* Task objective *
Retype all data exactly as given. Pictures should not be retyped.

Segment Start: Provided material

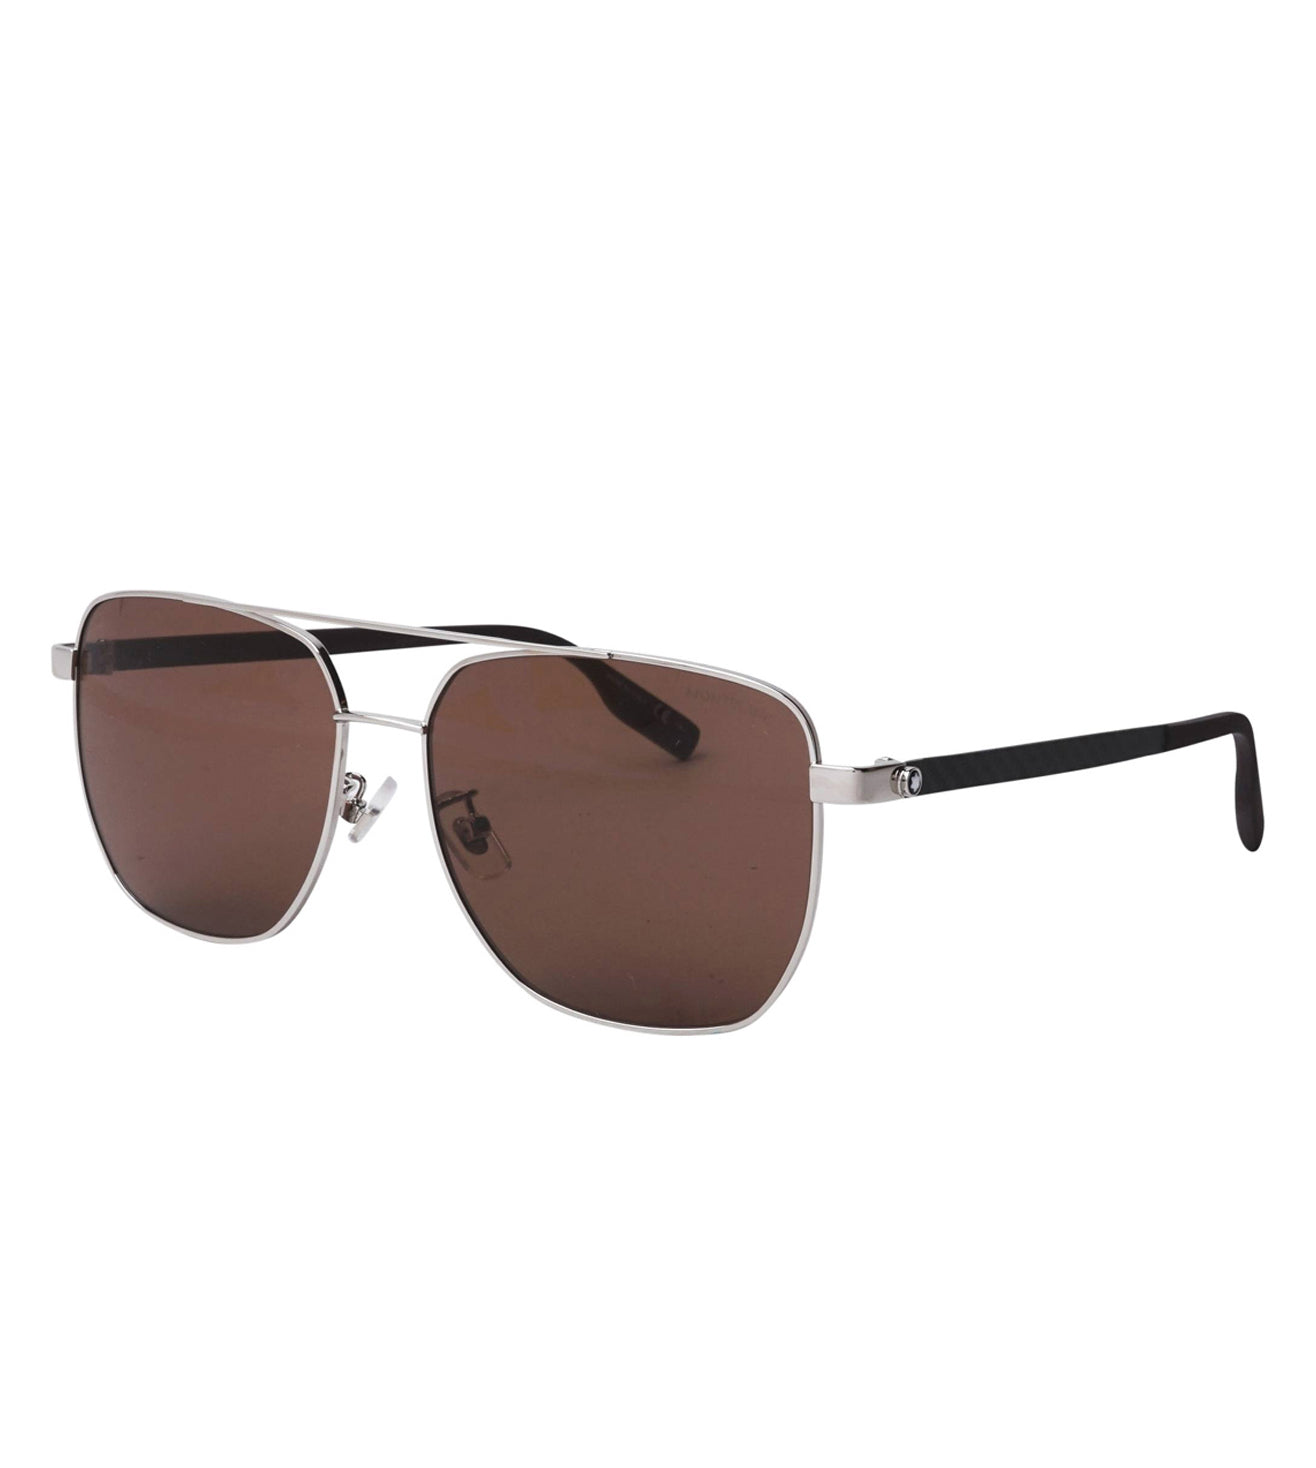 Montblanc Men's Brown Aviator Sunglasses
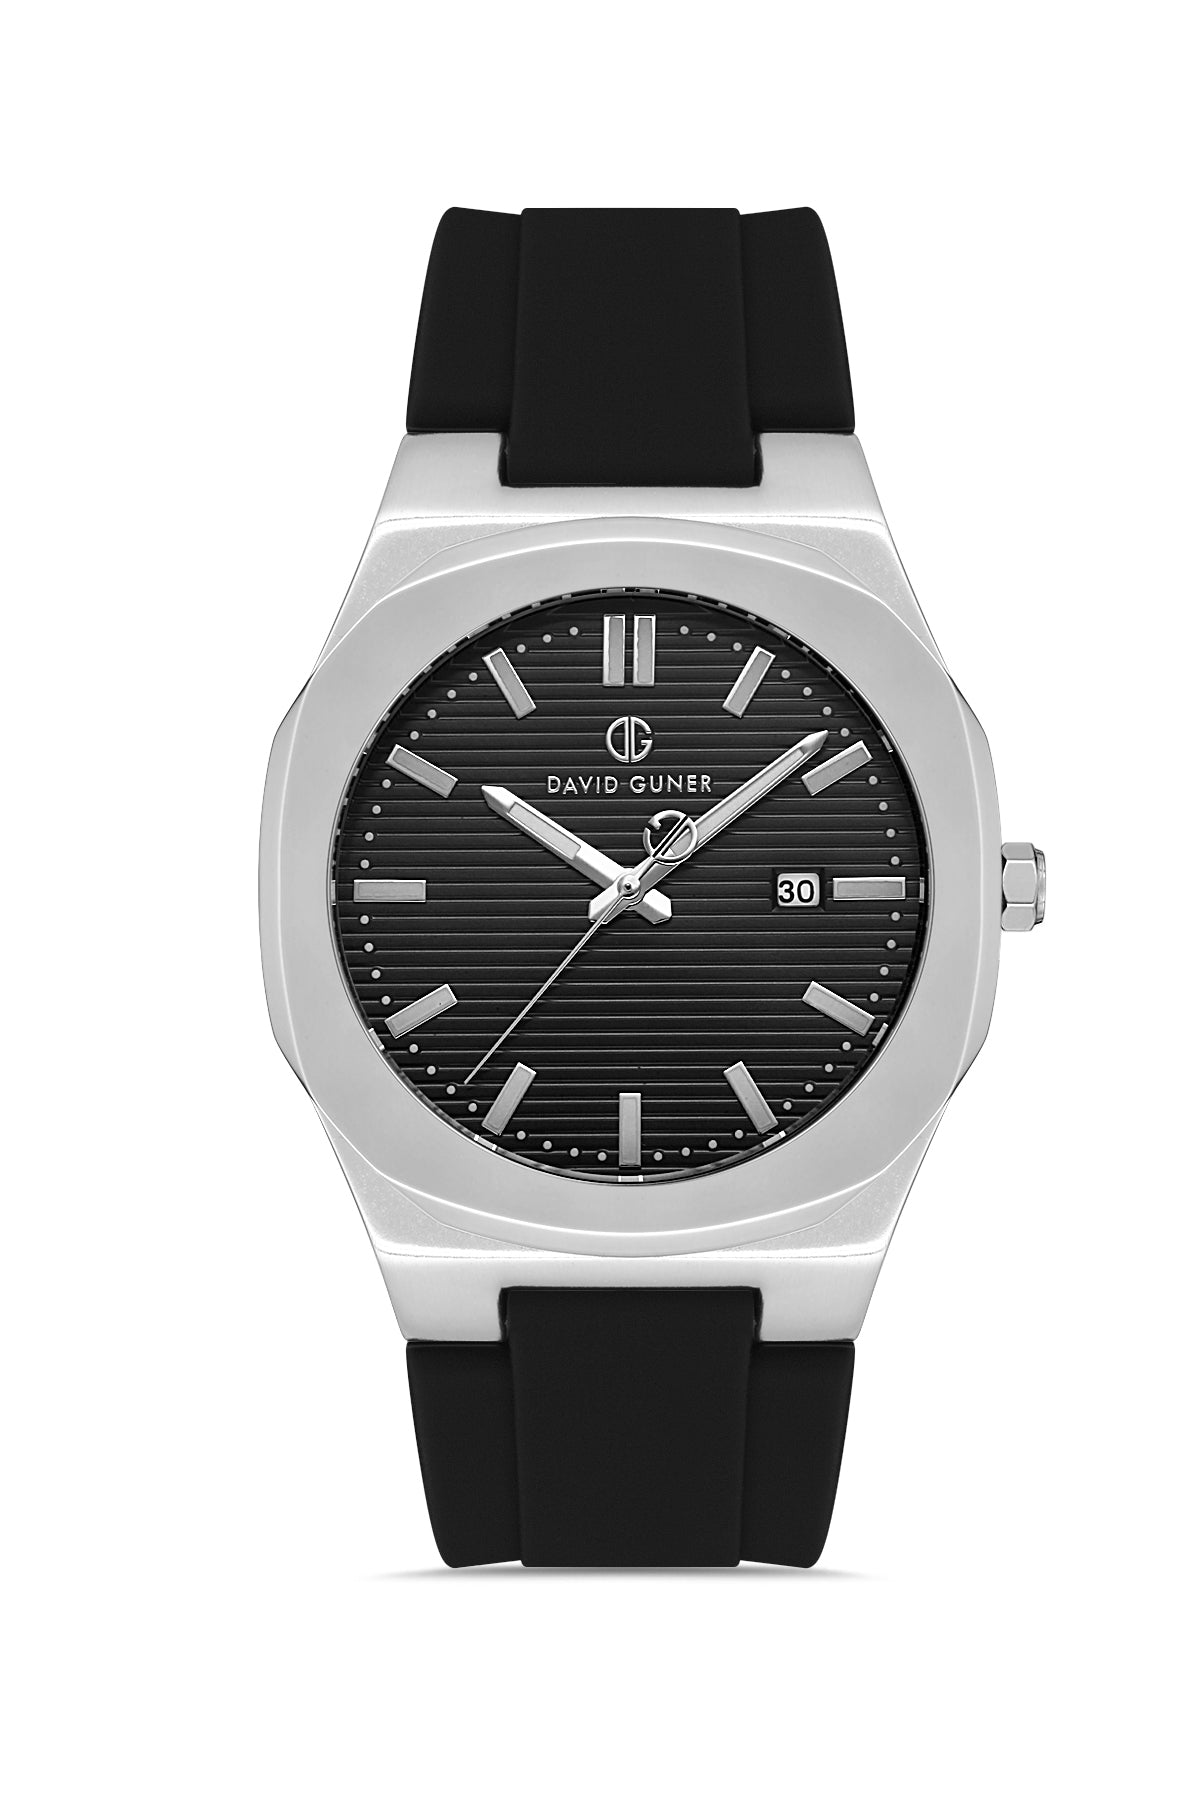 DAVID GUNER Silver Black Coated Black Dial Men's Wristwatch
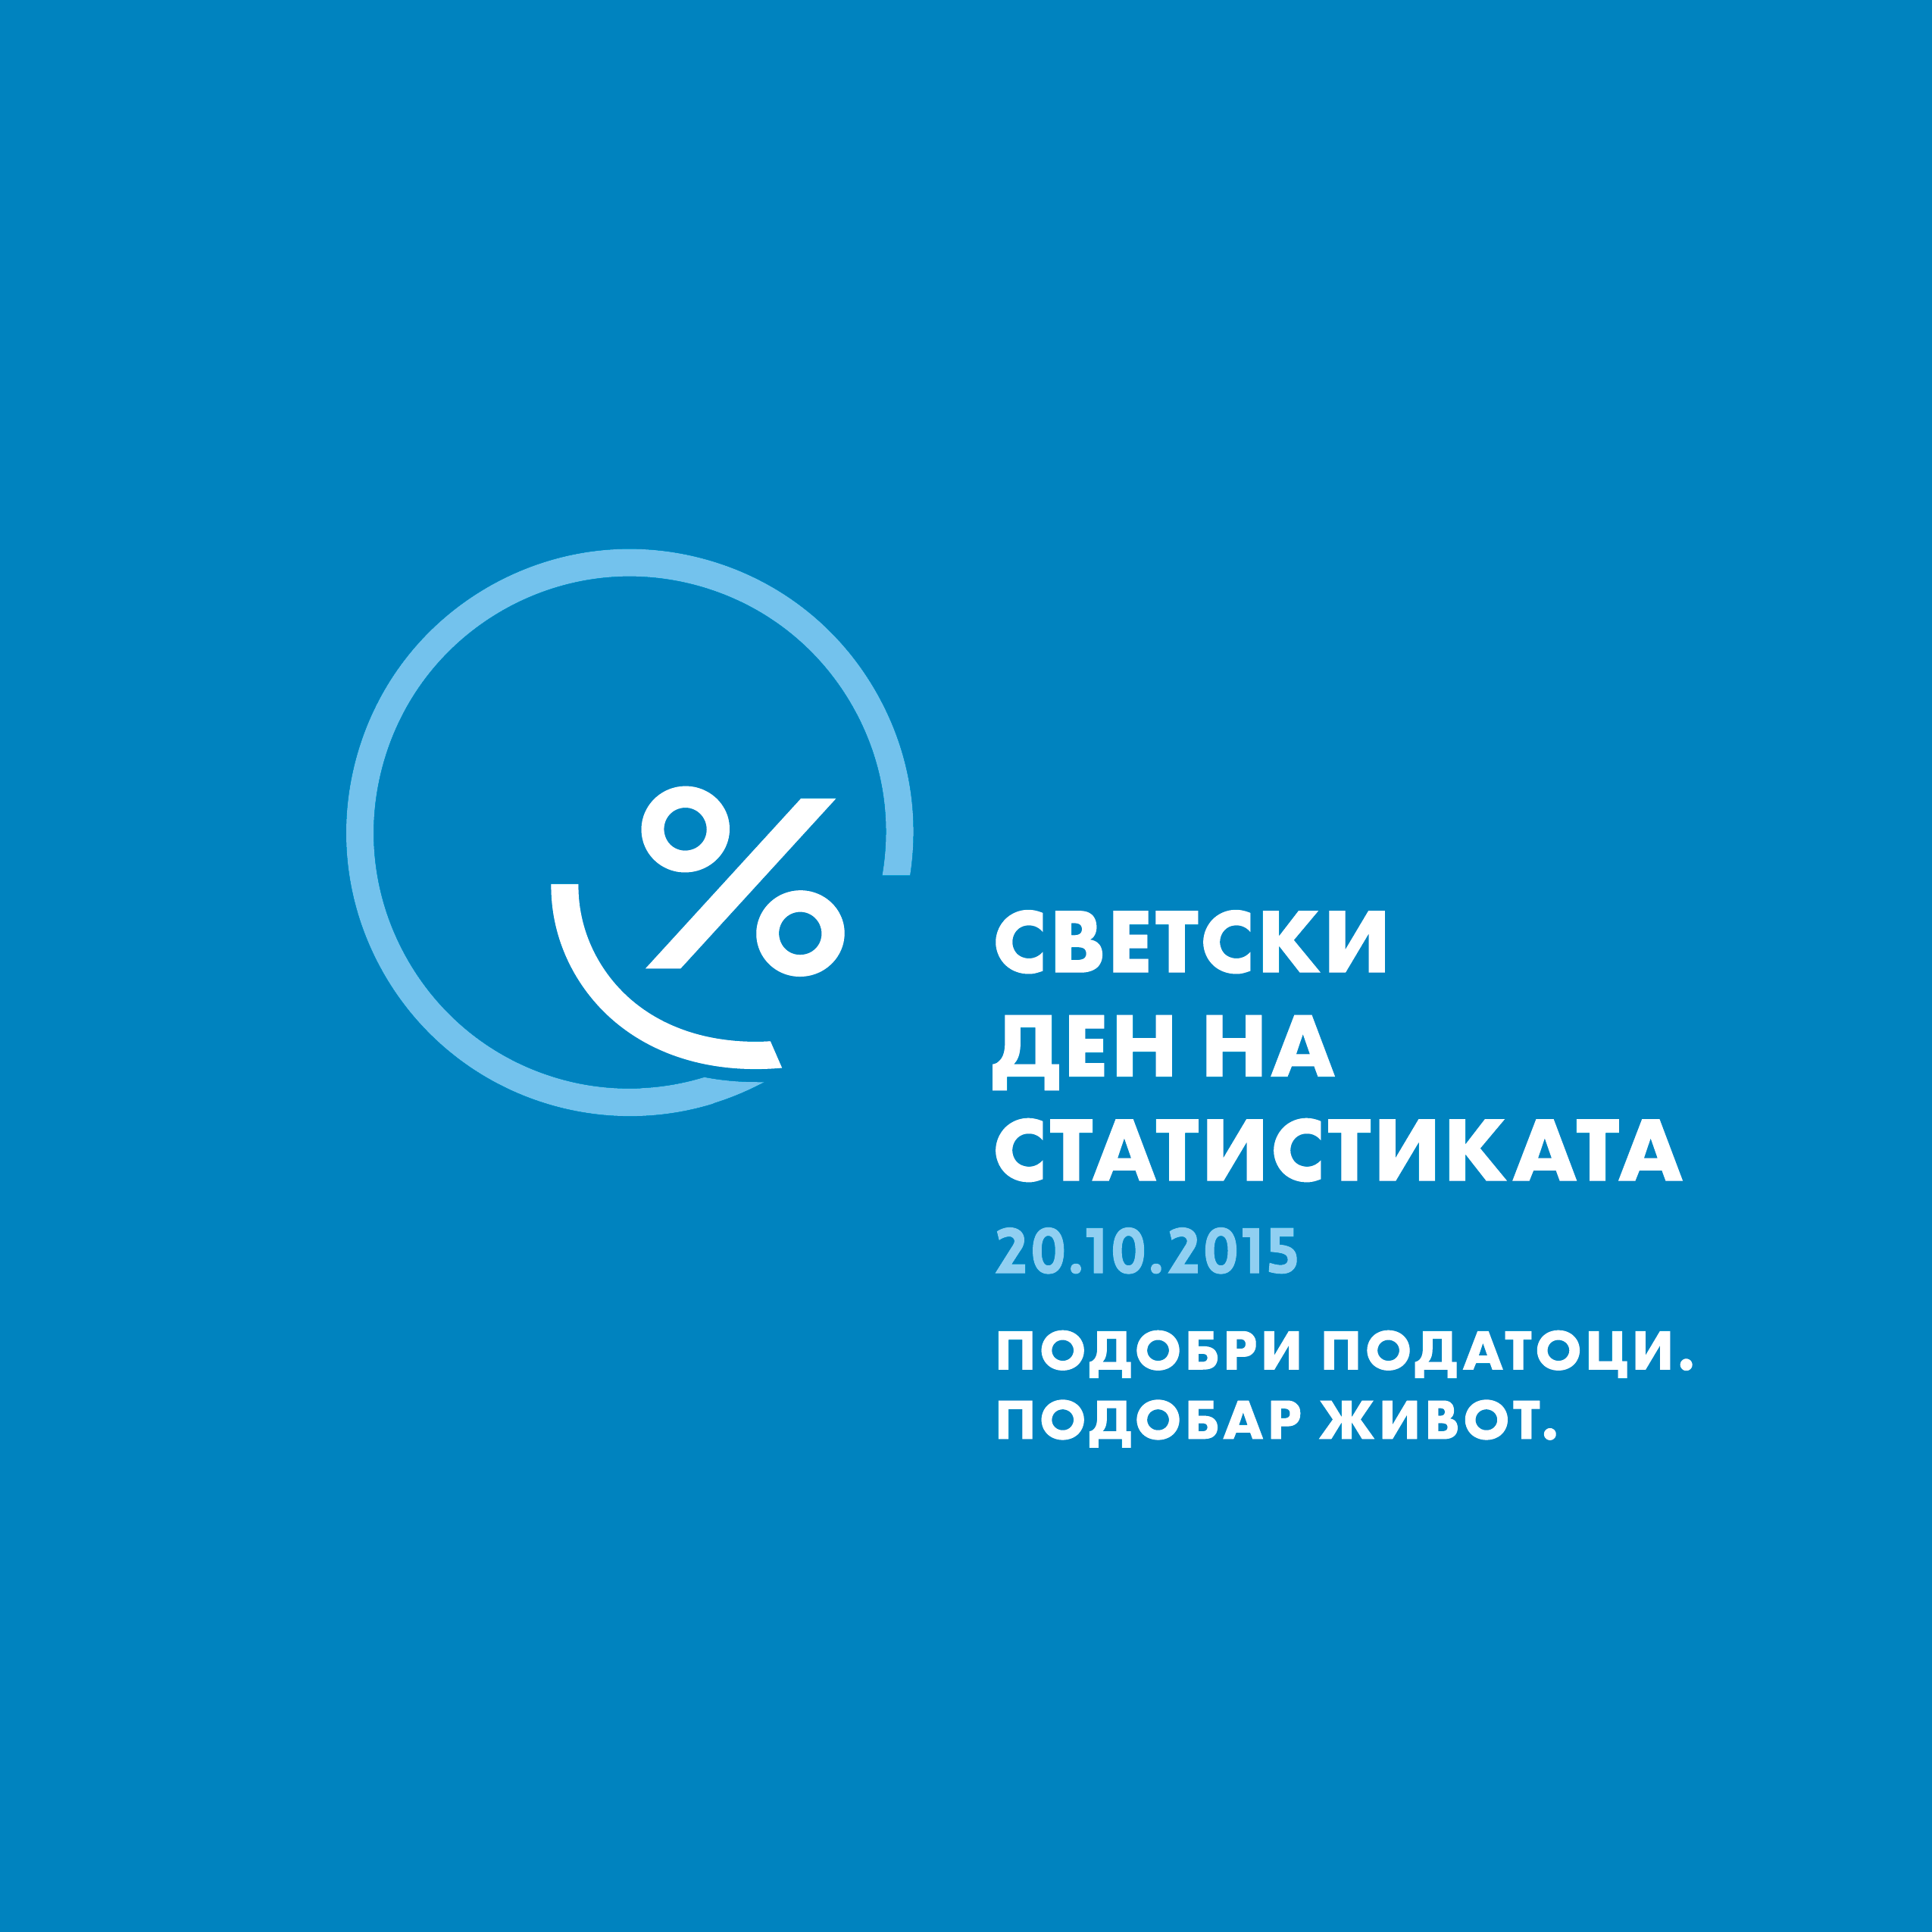 World Statistics Day Logo in Macedonian

Segment End: Provided material

* Answer for this exercise *
 Montblanc Men's Brown Aviator Sunglasses
 DAVID GUNER Silver Black Coated Black Dial Men's Wristwatch
 World Statistics Day Logo in Macedonian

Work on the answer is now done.